Co grozi za dyskryminację?
Pracodawca - zgodnie z przepisami - jest zobowiązany do równego traktowania kandydatów do pracy i niedyskryminowania ich m.in. ze względu na płeć, wygląd, wiek, wyznanie, przekonania polityczne, orientację seksualną czy też niepełnosprawność. Zakaz dyskryminacji obowiązuje już na etapie nawiązywania stosunku pracy, a więc dotyczy wszystkich faz rekrutacji, w tym najwcześniejszej z nich - ogłoszenia o pracę.
- Przepisy prawa pracy wykluczają stosowanie niedozwolonych elementów dyskryminujących na etapie rekrutacji - mówi Krzysztof Sosnowski, koordynator merytoryczny serwisu Radapracownikow.pl na stronach serwisu PulsHR.pl. - Wyjątek stanowi sytuacja, gdy pracodawca jest w stanie obiektywnie udowodnić, że ze względu na charakter wykonywanej pracy na danym stanowisku może pracować np. wyłącznie mężczyzna. Przykładem może być tu praca górnika umieszczona w wykazie zawodów szczególnie uciążliwych lub niebezpiecznych dla zdrowia kobiet.
Jeśli pracodawca naruszy w stosunku do pracownika zakaz równego traktowania w zatrudnieniu, ten ma prawo do odszkodowania w wysokości nie niższej niż minimalne wynagrodzenie za pracę. Kodeks pracy nie określa maksymalnej wysokości odszkodowania. Zostaje ono ustalone przez sąd pracy, stosownie do okoliczności danej sprawy.
Co z tymi bioenergoterapeutami?
Bioenergoterapia jest zawodem wpisanym na oficjalną listę. Zdobywa się go poprzez zdanie egzaminu państwowego w Związku Rzemiosła Polskiego. Można podchodzić do niego na dwóch poziomach: czeladniczym i mistrzowskim. Z kolei osoba posiadająca kwalifikacje czeladnicze i trzyletnią praktykę zawodową może podwyższyć kwalifikacje zdając egzamin mistrzowski i uzyskując tym samym prawo do tytułu instruktora zawodu.
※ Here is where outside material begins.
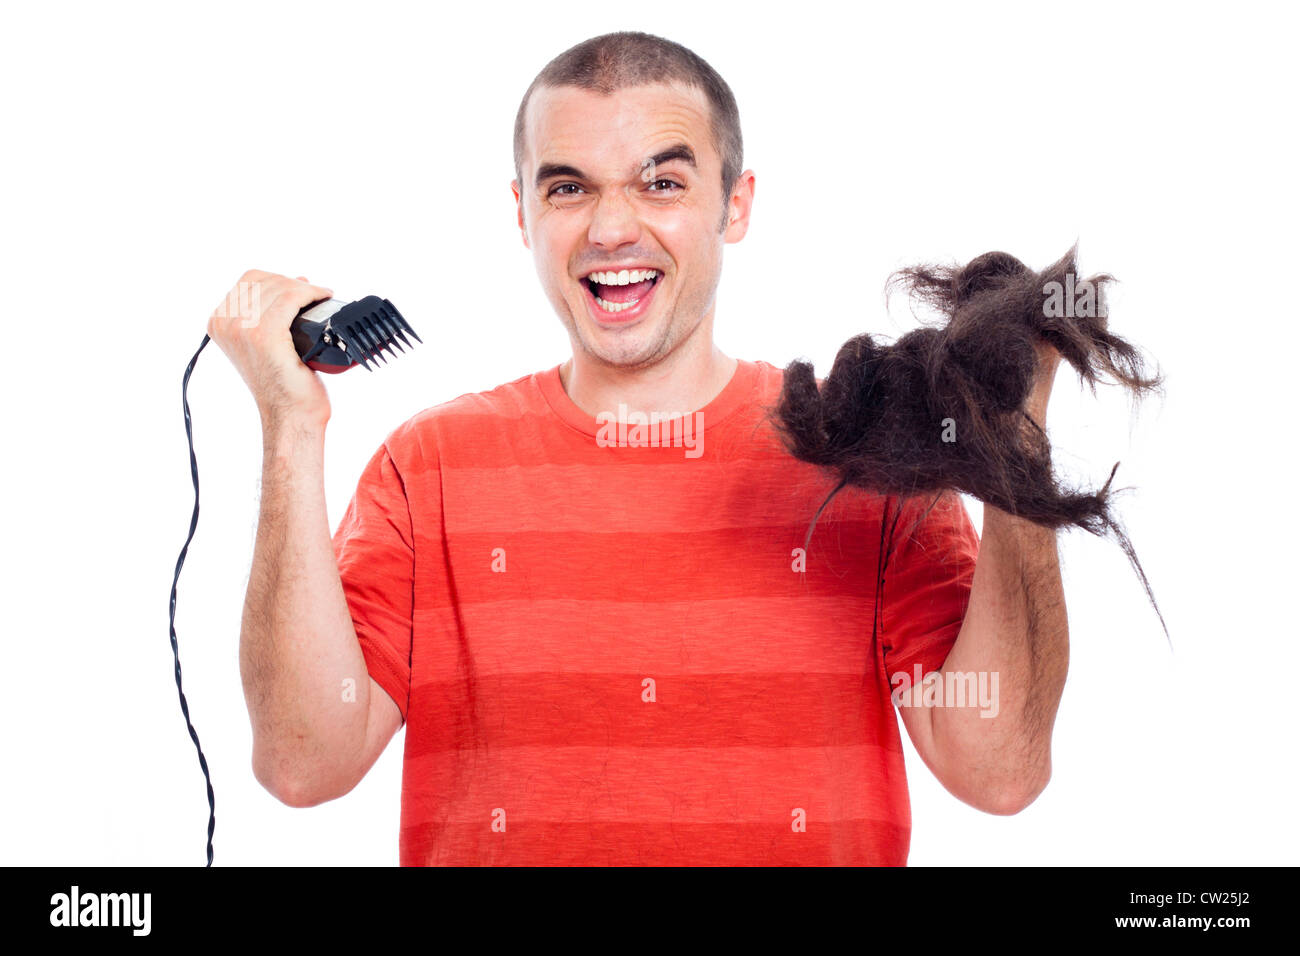 Lustige glatzköpfiger Mann hält seine lange rasierte Haare und Haar-Trimmer, isoliert auf weißem Hintergrund. Stockfoto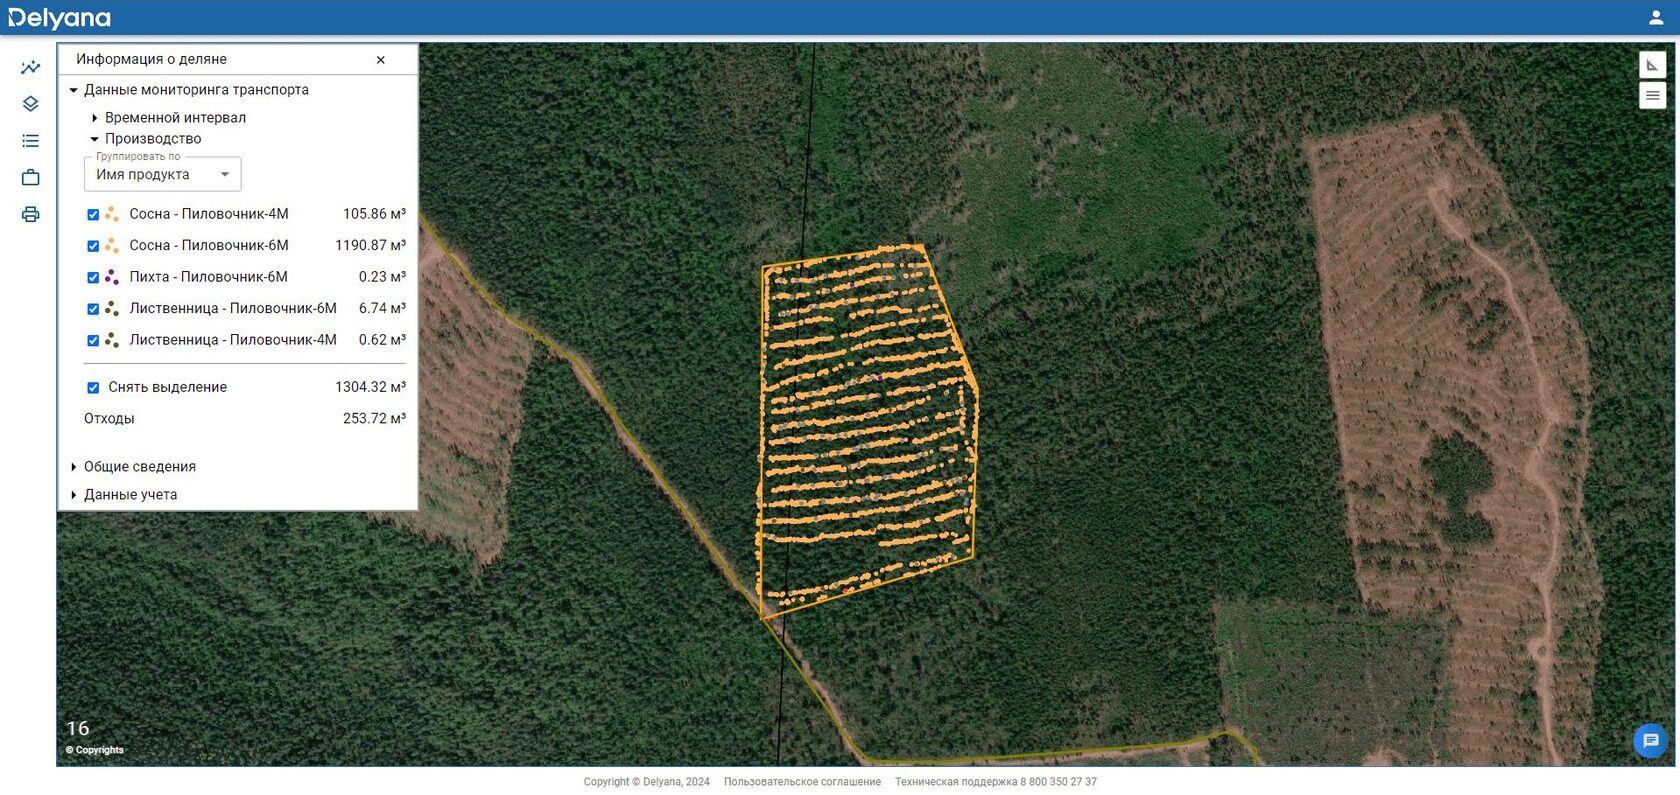 Скриншот интерфейса веб-приложения Delyana с подключенным модулем Delyana Мониторинг, который позволяет анализировать информацию об объёме, породном составе заготовленной древесины с координатами каждого спиленного дерева на интерактивной карте.

- Kursy bioenergoterapii „amatorskiej”, czyli tylko dla własnych celów trwają przeciętnie od 60 do 120 godzin i nie uprawniają do wykonywania zawodu. Trudno nawet komentować tę ofertę pracy – mówi Waldemar Wodzyński z Polskiego Stowarzyszenia Bioenergoterapeutów BIOPOL.